Лилия уже не спала. Она стояла у зеркала в прихожей — единственного большого зеркала в доме, в тяжёлой дубовой раме, доставшейся ещё от свекрови.
И смотрела на себя.
Женщине, которая глядела на неё из мутноватой глубины, можно было дать и тридцать пять, и сорок пять.
Сорок два — возраст, когда женщина либо сдаётся, либо расцветает наперекор всему.
Лилия расцветала.
Природа была к ней щедра: высокий чистый лоб, волосы русые, густые, с холодным пепельным отливом, без седины, заплетённые в тугую косу, которая тяжело лежала на спине. Глаза — большие, серо-зелёные, с поволокой, те, про которые в деревне говорят «омуты».
Но в этих омутах уже не было игры и смеха. В них застыла усталость — тихая, привычная, как боль в пояснице после прополки.
Она провела ладонью по щеке.
Кожа была ещё гладкой, с живым румянцем от ветра и солнца, только у глаз разбежались мелкими лучиками морщинки — «гусиные лапки», как называла их мать.
Губы — полные, но сжатые в привычную линию строгости, ломались лишь изредка, когда муж говорил что-то не то или сын забывал её поцеловать перед уходом.
Одета она была скромно, но опрятно, с той особенной деревенской чистоплотностью, когда и фартук выстиран до хруста, и халат хоть старенький, но заштопан так, что шва не видать.

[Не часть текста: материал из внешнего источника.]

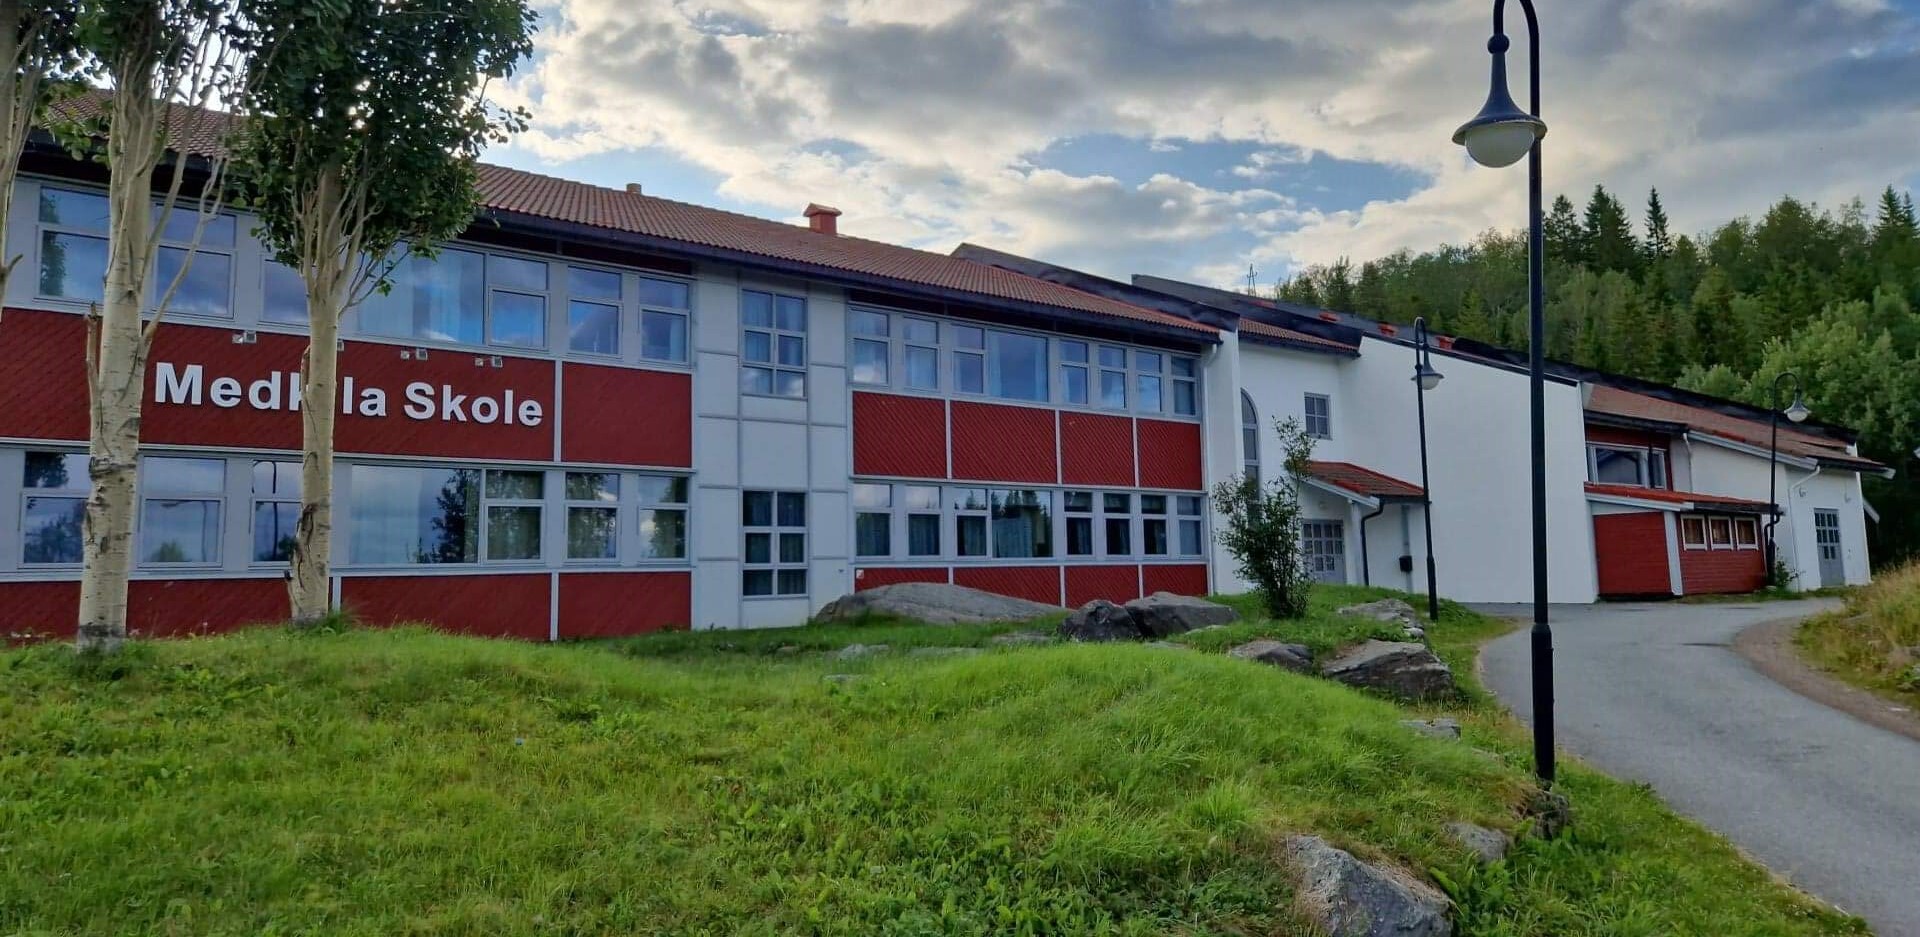 Harstad kommune Medkila skole

Сегодня на ней был ситцевый халат в мелкий синий цветок, подпоясанный тесьмой, и лёгкая шаль на плечах — утро знобило. В ушах — маленькие серебряные серёжки, единственное украшение, которое она не снимала никогда, даже когда месила тесто или поила тёлок.
Она была красива.
Эту красоту замечали все: и мужики в сельпо, когда она заходила за хлебом и бабы на ферме, которые вздыхали завистливо: «И чего Сиротину так везёт? И работящая, и лицом вышла».
Но сама Лилия своей красоты не видела. Она видела другое.

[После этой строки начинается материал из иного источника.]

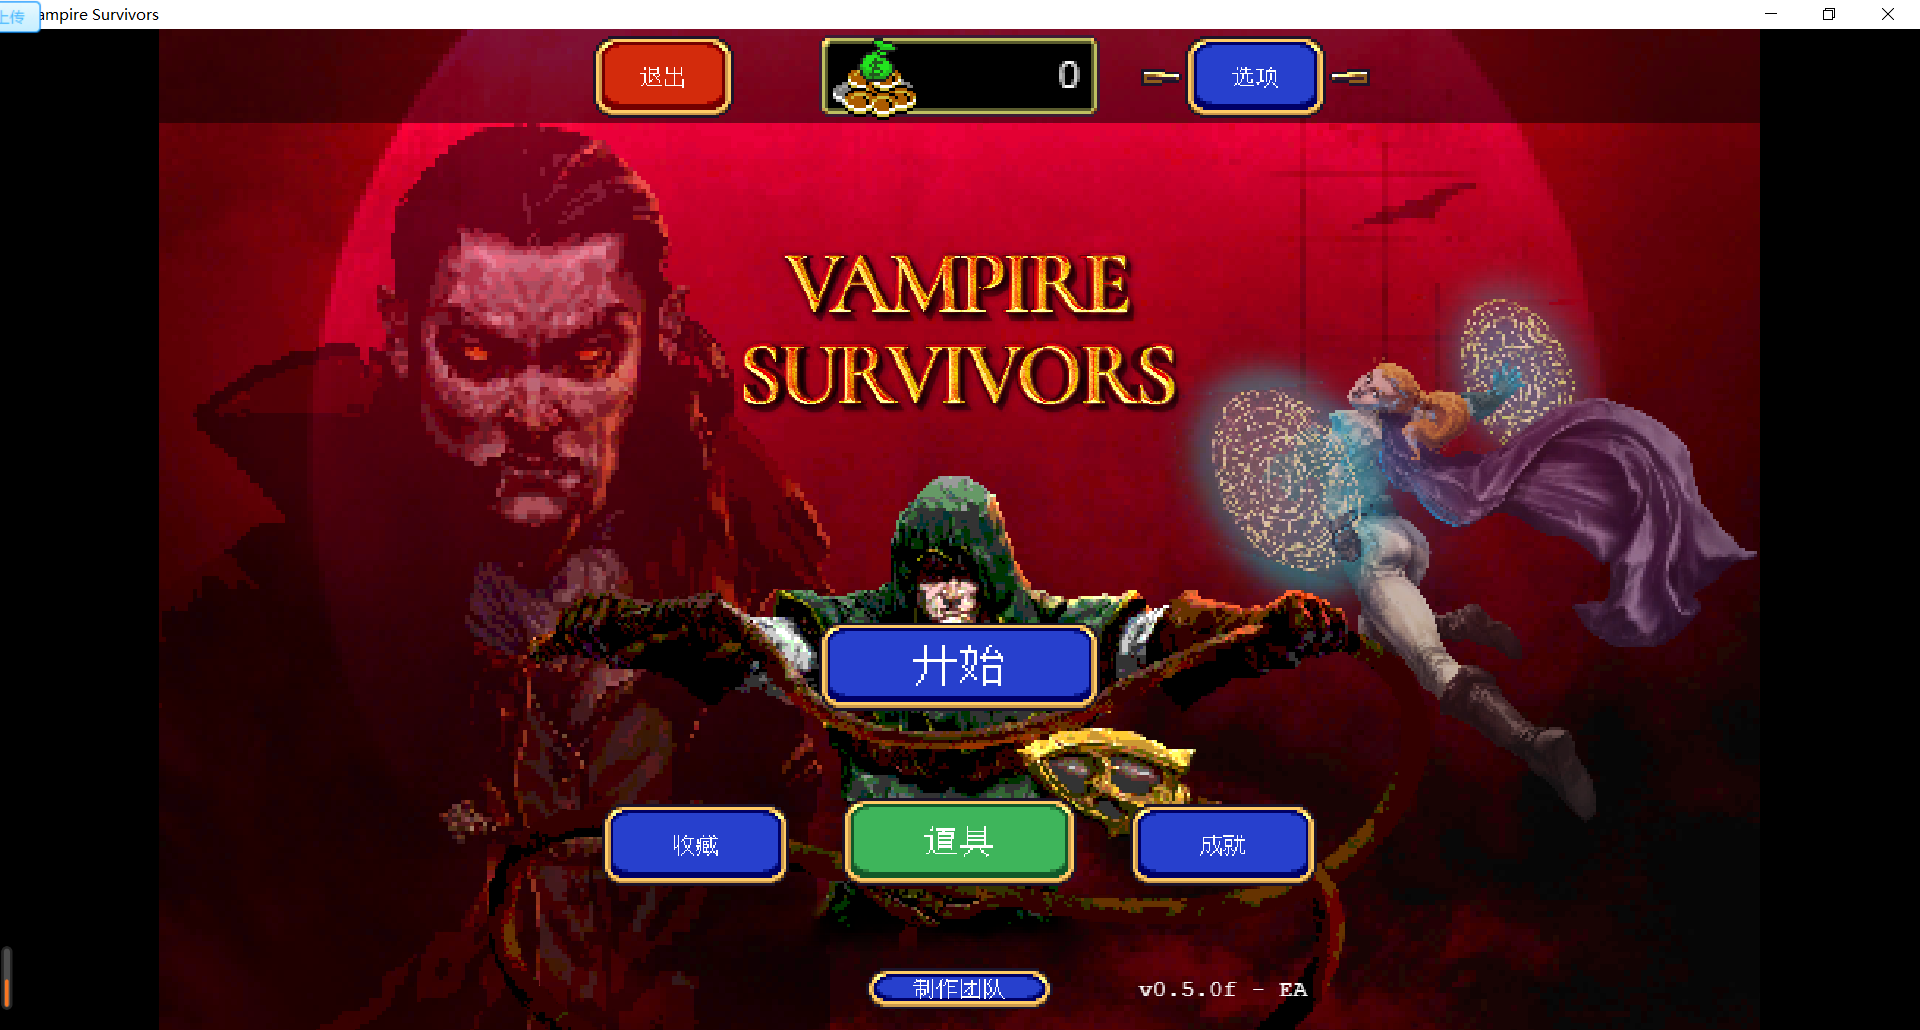 Windows Vampire Survivors吸血鬼幸存者 v0.5.0f 中文版

Она видела, как от тяжести вен на ногах к вечеру наливаются свинцом икры. Как под глазами, если не выспаться, залегает синева — не тени, а именно синева, будто кто-то пальцем, испачканным в чернилах, провёл по нежной коже.
Как побледнели от вечной усталости губы, которые когда-то Мирон целовал, задыхаясь, у силосной башни.
— Ох, Лилиан, — прошептала она себе, поправляя ворот халата. — Красавица.
Пашешь как лошадь, а выглядеть должна как королева.
В конторе она была бухгалтером, сидела в душной комнатушке с абажуром из газеты, сводила дебет с кредитом, считала чужие трудодни и навозные тонны.
Пальцы её, тонкие и длинные — пианистские пальцы, мечтала когда-то стать учительницей музыки, — ловко бегали по счётам. А вечером те же пальцы доили корову, зашивали мужнины телогрейки и проверяли у Семёна тетрадки по математике.
Она вздохнула.
Вздох вышел глубокий, грудной — вздох женщины, которая несёт на себе весь дом, хозяйство, работу и ещё двух мужиков, даже не заметивших, как устала их опора.
Из спальни донеслось громкое, с присвистом, дыхание Мирона.
Он спал, разметавшись по всей кровати, огромный, медвежий, храпящий. Рядом, в закутке за фанерной перегородкой, тихо посапывал Семён — вихрастый, уже с пробивающимися над губой пушком, девятнадцатилетний парень, который на трактор сел в шестнадцать и считал себя взрослее отца.
Лилия подошла к окну.
За огородом, за плетнём, начинался луг.
Роса на траве сияла так, что глаза слепило. Жаворонок уже взмыл в небо, трепеща крыльями, и оттуда, с высоты, сыпалась его трель — чистая, бесконечная, как сама жизнь. Хорошо.
Как же хорошо кругом!
Берёзы у оврага стоят белые, нежные; кора на них берестяная, с чёрточками, пахнет грибами и сыростью. Солнце только-только коснулось макушек сосен, и тотчас роса заискрилась разноцветными искрами.
«Почему же я не радуюсь? — подумала она, глядя на эту красоту. — Почему сердце словно в вате?»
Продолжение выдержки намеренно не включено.